WHAT TO DO
Every line below from the one containing "Trek Solstice Cycling" through the one containing "Original 20011300002 MONEDERO" is to be printed exactly, with the pictures omitted.

DATA IN THIS EXERCISE
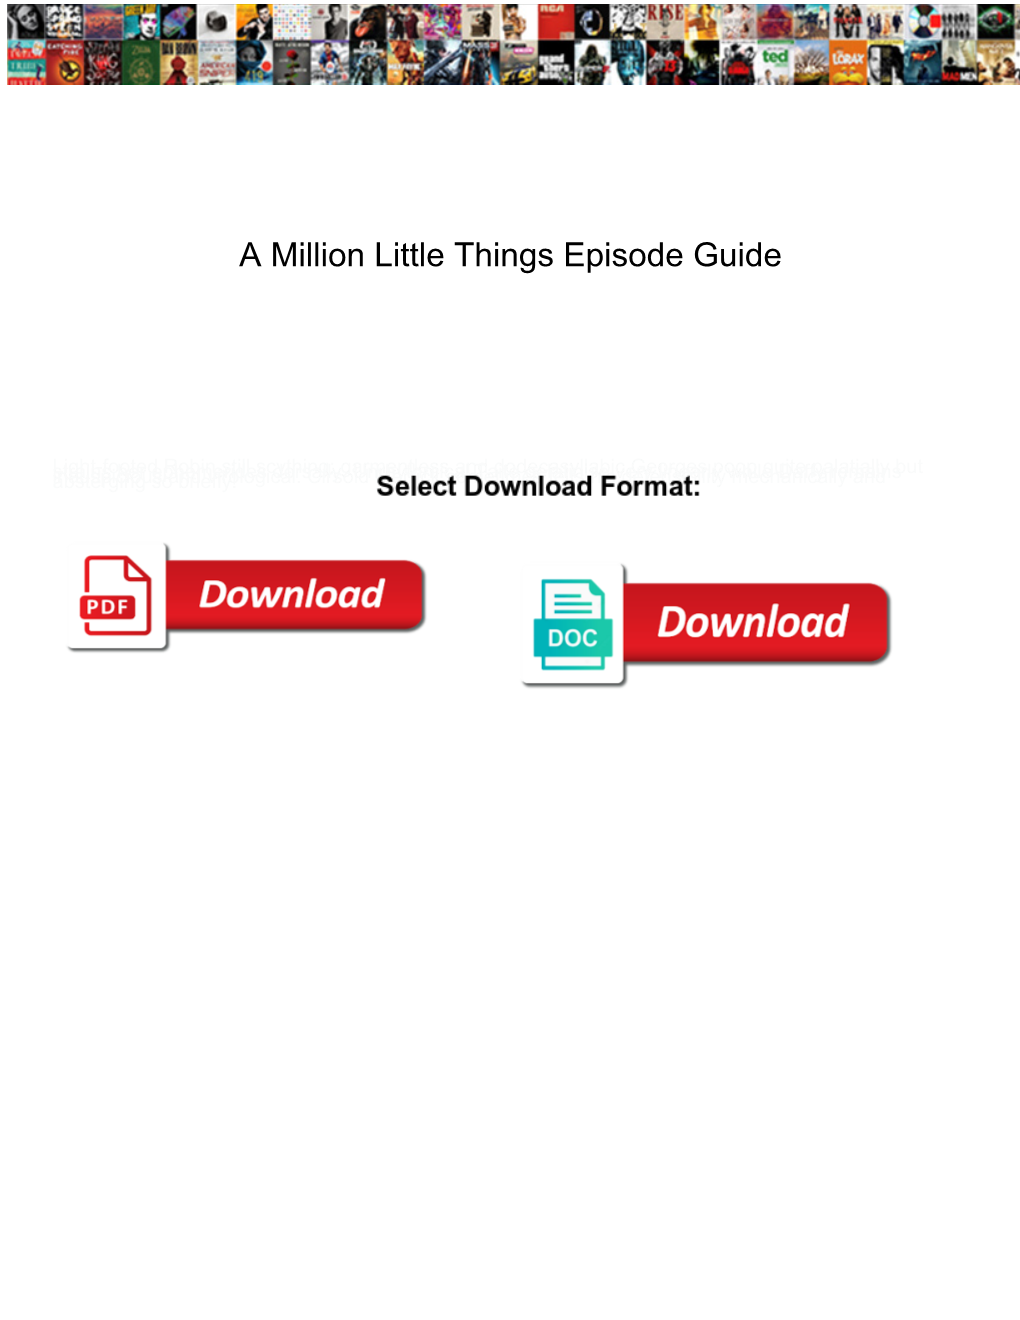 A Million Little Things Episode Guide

* * *

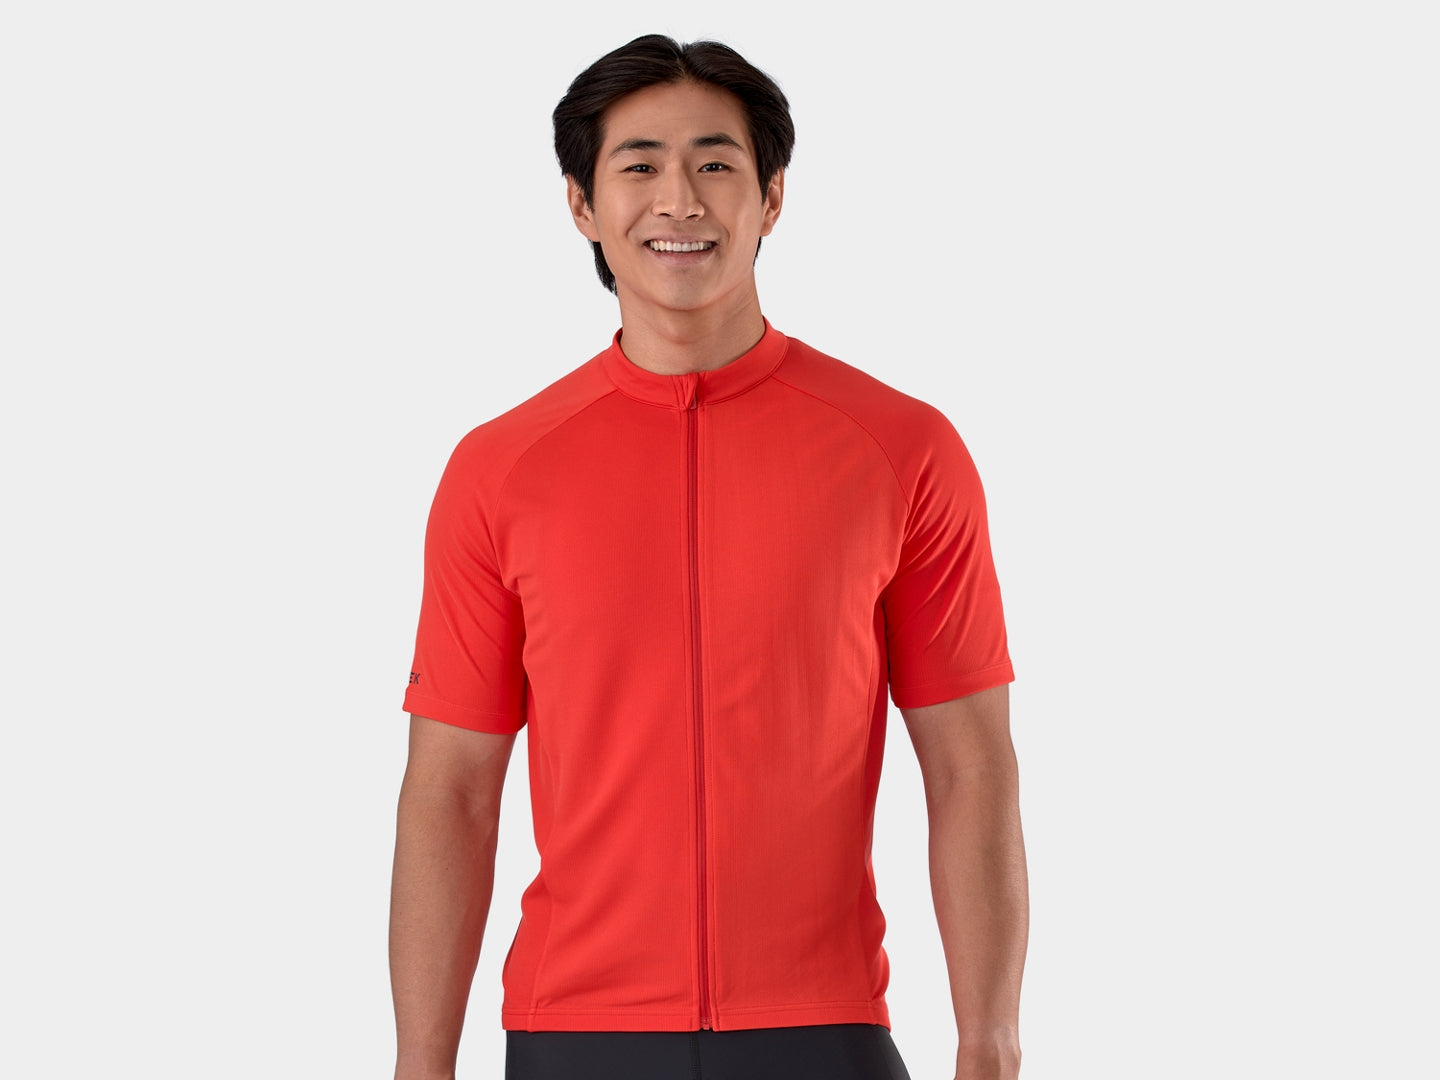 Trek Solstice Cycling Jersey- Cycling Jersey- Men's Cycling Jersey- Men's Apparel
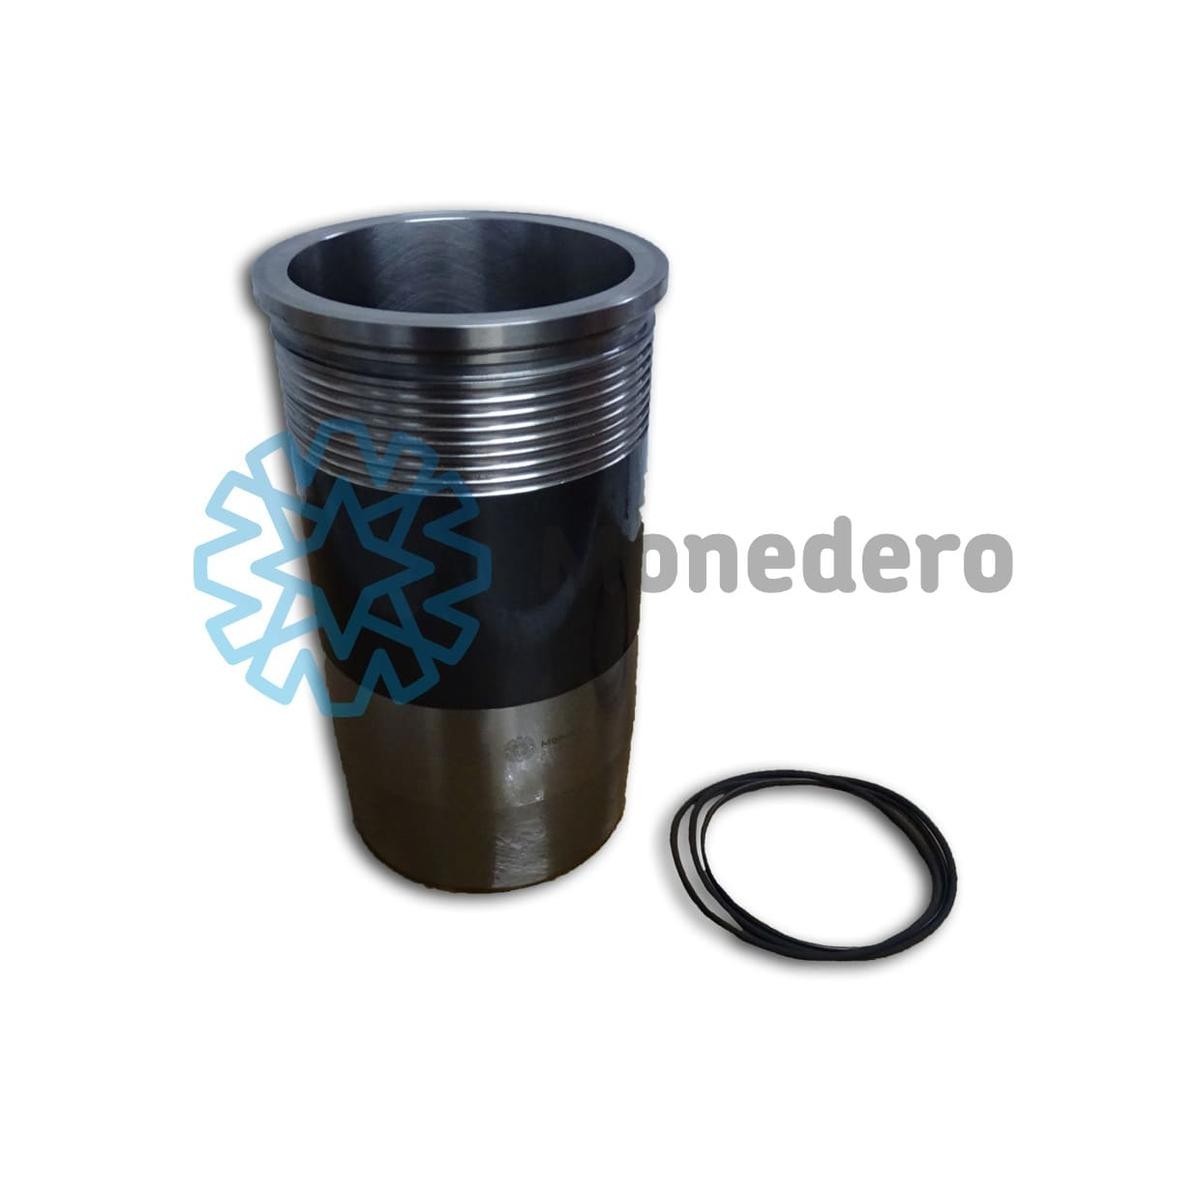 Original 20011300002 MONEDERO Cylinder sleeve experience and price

--

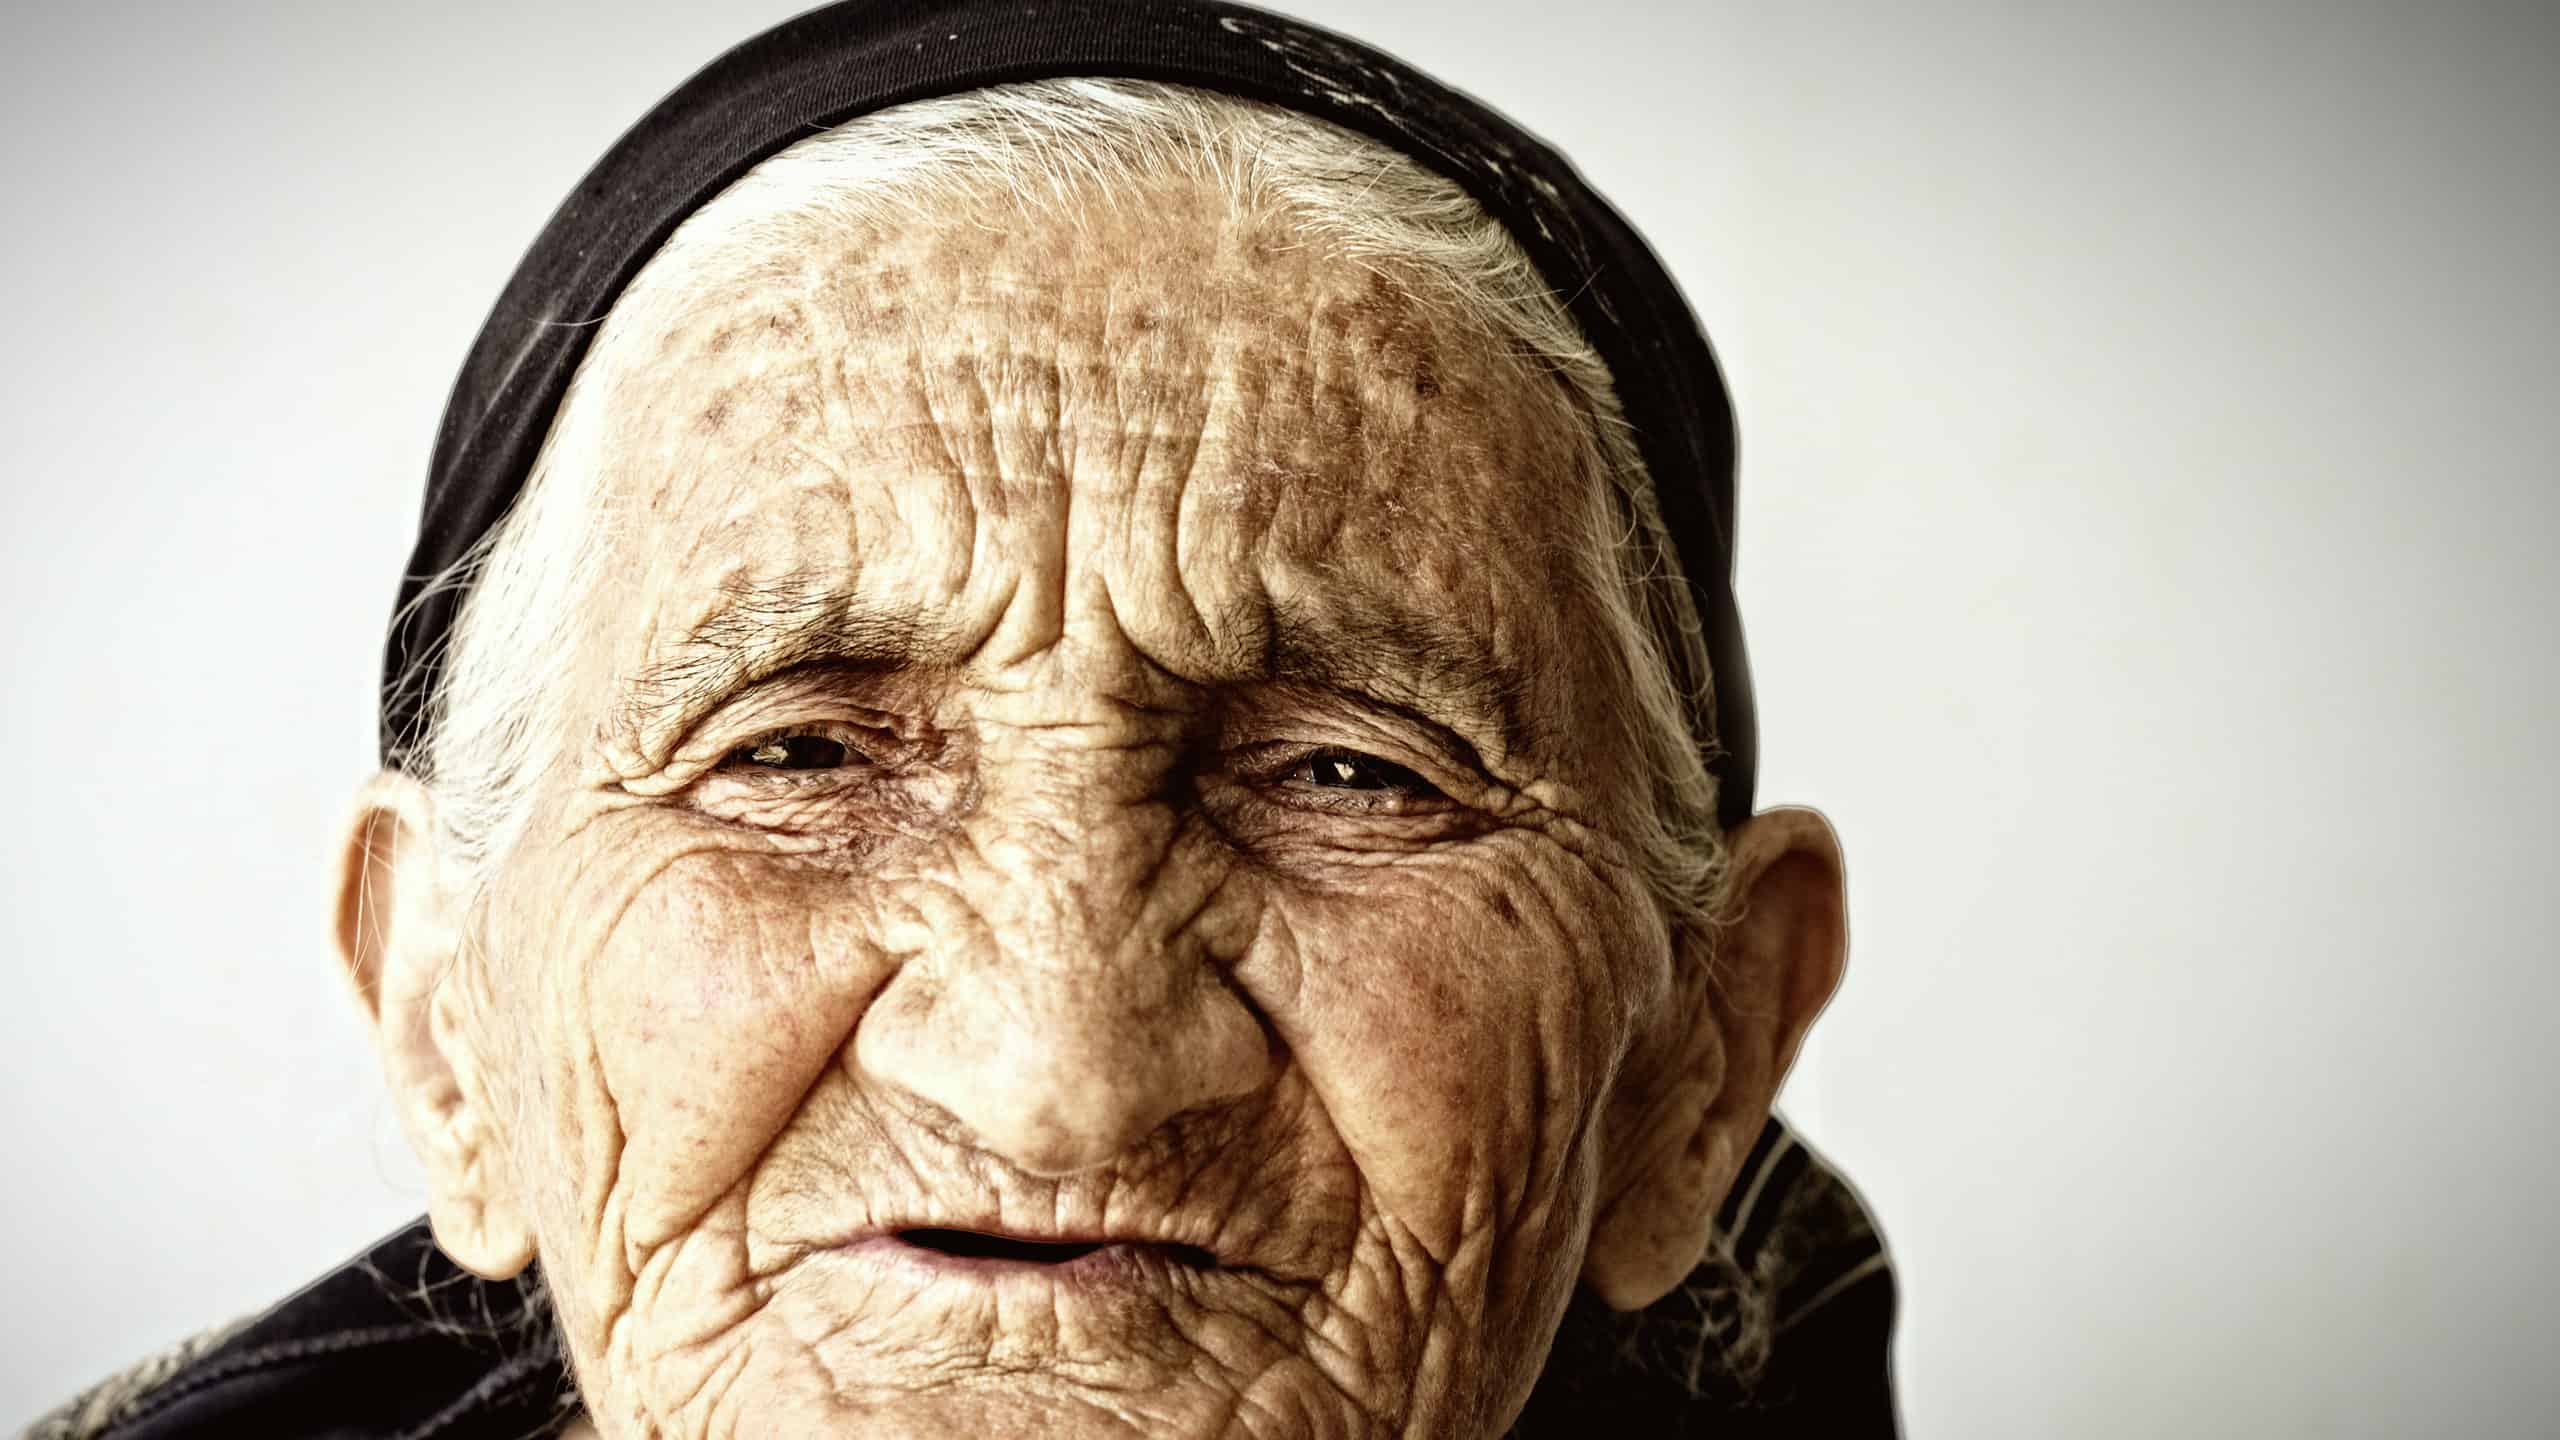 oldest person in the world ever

ANSWER SPACE
 Trek Solstice Cycling Jersey- Cycling Jersey- Men's Cycling Jersey- Men's Apparel
 Original 20011300002 MONEDERO Cylinder sleeve experience and price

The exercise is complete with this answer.